Adding whitelist can limit developer possibilities. In my case i have mediaplayer addon that's supports direct links. Players can host their media stuff on own vds or use some non-popular filehosting. How i supposed to add every one of them to whitelist? Devs/server owners can have access to your ip without WebSurface, but doesn't mean its a bad thing. That's how this game works.

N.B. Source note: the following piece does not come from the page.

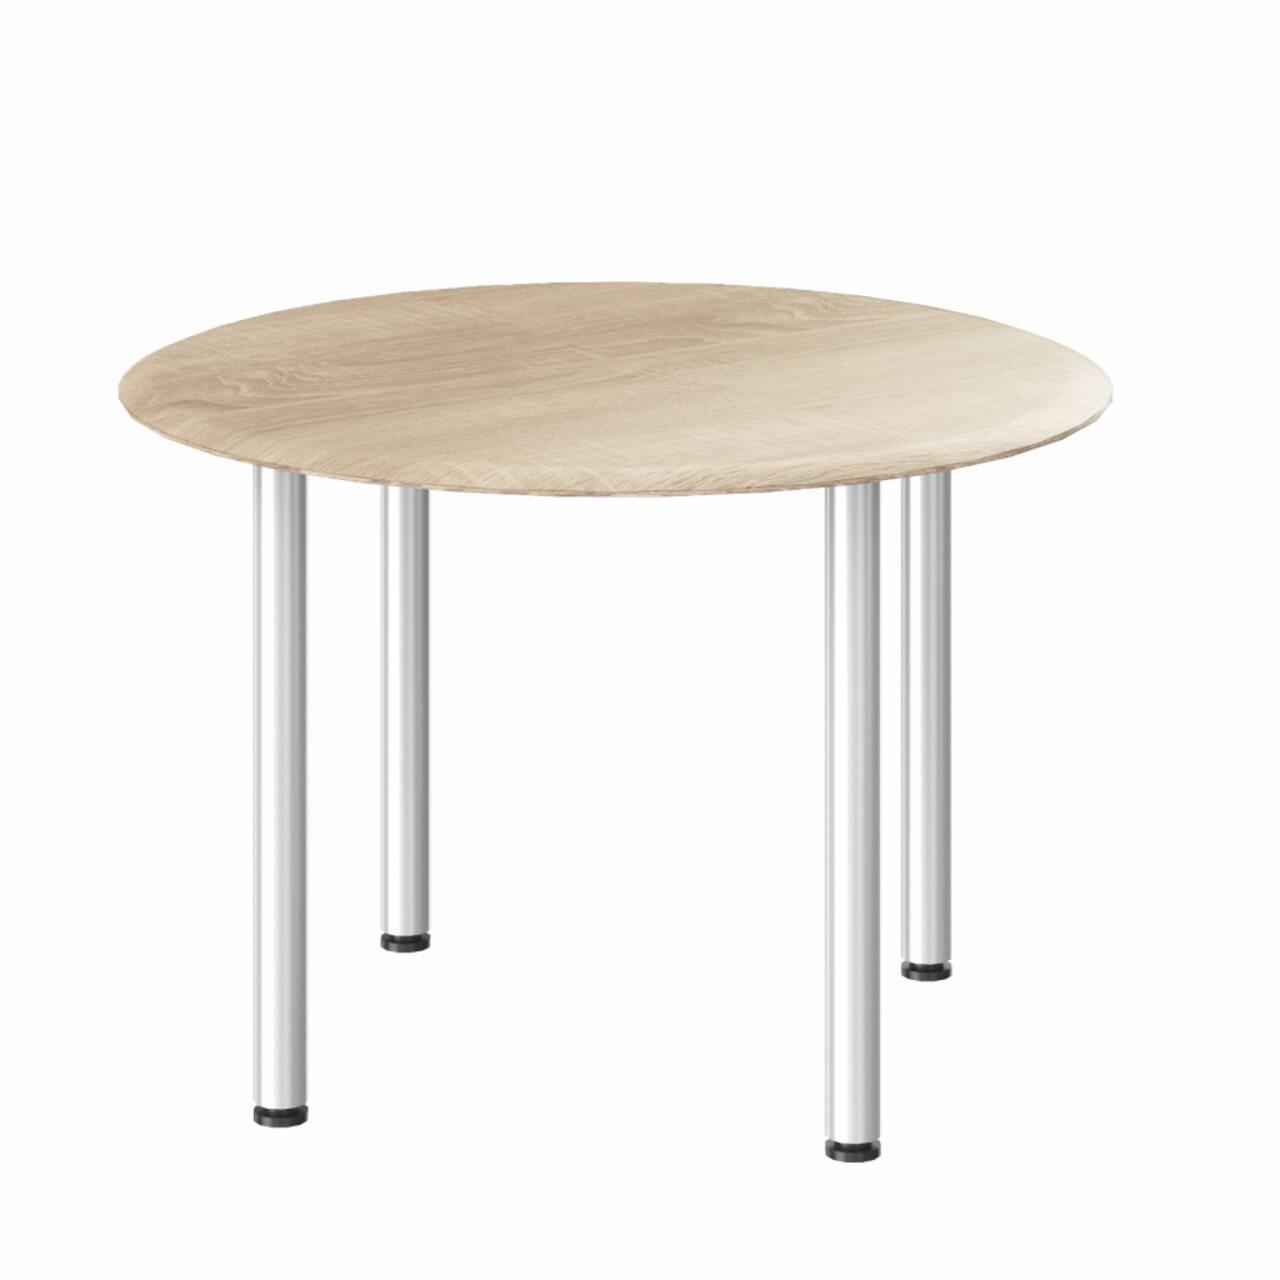 Конференц-стол WAVE 110x110x75 - фото 1

If dev adding porn links to game or an addon/breaking any other rules - you can report it on asset party, that's how it should work. Otherwise i guess its players on your server you can ban.

[Phyremaster]

Potential vulnerabilities:

• IP grabbing: This is a necessary step in anything involving the Internet. Not a vulnerability.
• Phishing: Just as feasible as anywhere else on the Internet. Be cautious of untrusted gamemodes = be cautious of untrusted links. Not a vulnerability, unless you consider all Internet browsers vulnerable.
• Other illicit sites: That's... just breaking the content rules... which you can do without WebSurfaces... Not a vulnerability.
• RCE: If possible, it should remain trapped in S&box's... sandbox. If that can be broken, it would be far easier to just make a malicious game, no need for a WebSurface. A vulnerability, but only hypothetically, and an unrelated one anyway.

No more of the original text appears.